Partially Successful Defendant In Anti-SLAPP Motion Proceeding Only Awarded One-Tenth of Requested Fees

Fourth District, Division Two Adopts Discretionary Factor Test Set Forth In Mann.

            Patent litigation, which is likely a battle for well-heeled litigants, frequently spawns satellite litigation after someone prevails in federal court.  That is exactly what happened in the next case, where the predominant victor then sued for abuse of process and malicious prosecution.  The loser “SLAPPed” the abuse of process claim, but did not escape on the malicious prosecution claim.  The SLAPP partial victor (the federal court loser) moved for an award of mandatory attorney’s fees under Code of Civil Procedure section 425.16(c).  The trial judge awarded the partially successful SLAPP litigant $1,500 in fees, a mere one-tenth of the $10,230 in requested fees.  Although appealing both the denial of the malicious prosecution unsuccessful SLAPP and the abuse of process fee award, the Fourth District, Division Two—in a 3-0 decision by Justice Miller—affirmed both orders.  The panel did not find the fee award was too paltry.

            In Tamarack Scientific Co., Inc. v. Ultratech, Inc., Case No. E042626 (4th Dist., Div. 2 July 11, 2008) (unpublished), the appellate panel found there was no abuse of discretion in the one-tenth fee recovery awarded by the trial judge.  In so doing, the Tamarack Scientific court adopted the SLAPP fee award test enunciated in Mann v.
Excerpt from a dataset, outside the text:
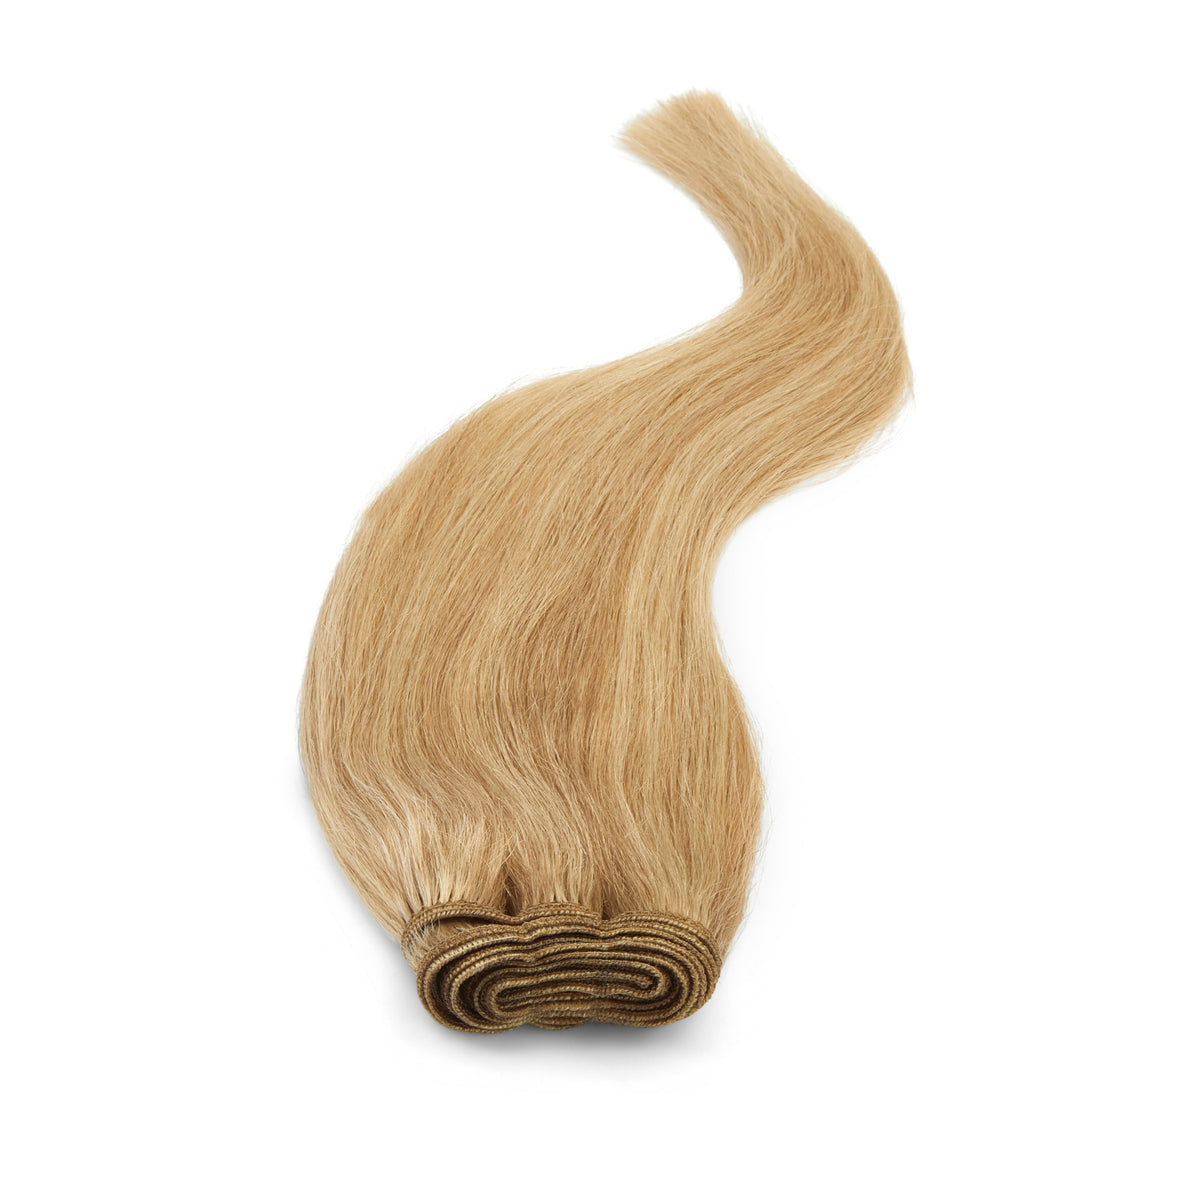 a piece of blonde hair on a white background

Quality Old Time Service, Inc., 139 Cal.App.4th 328, 344-345 (2006), a test specially formulated for defendants who are only partially successful in SLAPP motion outcomes.

            Mann decided that a partially successful SLAPP defendant should not be entitled to obtain a fee recovery as a matter of right.  Instead, a partially successful plaintiff should not be required to bear the entire cost of anti-SLAPP litigation where defendant scored a minor victory and the thrust of plaintiff’s complaint remains intact.  Tamarack Scientific, in line with Mann, agreed that the following factors should be considered when determining a fee award for a partially successful defendant: (1) the extent to which the defendant’s litigation posture was advanced by the motion; (2) whether the same factual allegations remain to be litigated; (3) whether discovery and motion practice have been narrowed; (4) the extent to which future litigation expenses and strategy were impacted by the motion; and (5) miscellaneous factors such as the experience and abilities of the attorney and novelty and difficulty of the issues (lodestar enhancement factors).  See Slip Opn., at p. 30, quoting Mann, supra, 139 Cal.App.4th at 345. 

            Similar to the “pragmatic” test for determining section 1717 prevailing party status as enunciated in Hsu (see our “Leading Cases”), the Tamarack Scientific court stressed that the bottom line consideration for awarding fees to partially successful SLAPP defendants boils down to determining “the extent to which the motion changed the nature and character of the lawsuit in a practical way.”  (Slip Opn., at p. 30, quoting Mann.)  In fact, the appellate panel went on to eschew the “inextricably intertwined” test of Civil Code section 1717 in this particular context.

            The Court of Appeal also relied on language from Moran v. Endres, 135 Cal.App.4th 952, 956 (2006), where the appellate court determined that a defendant only obtaining dismissal of one claim may not be considered “successful” when all claims of a multi-count complaint are considered.  Applying both Mann and Moran, the Tamarack Scientific court found no abuse of discretion because the malicious prosecution claim remained, which meant the SLAPP victor still faced substantial exposure. 

The value of this decision is that two appellate courts now side with the partially successful defendant SLAPP test formulated in Mann.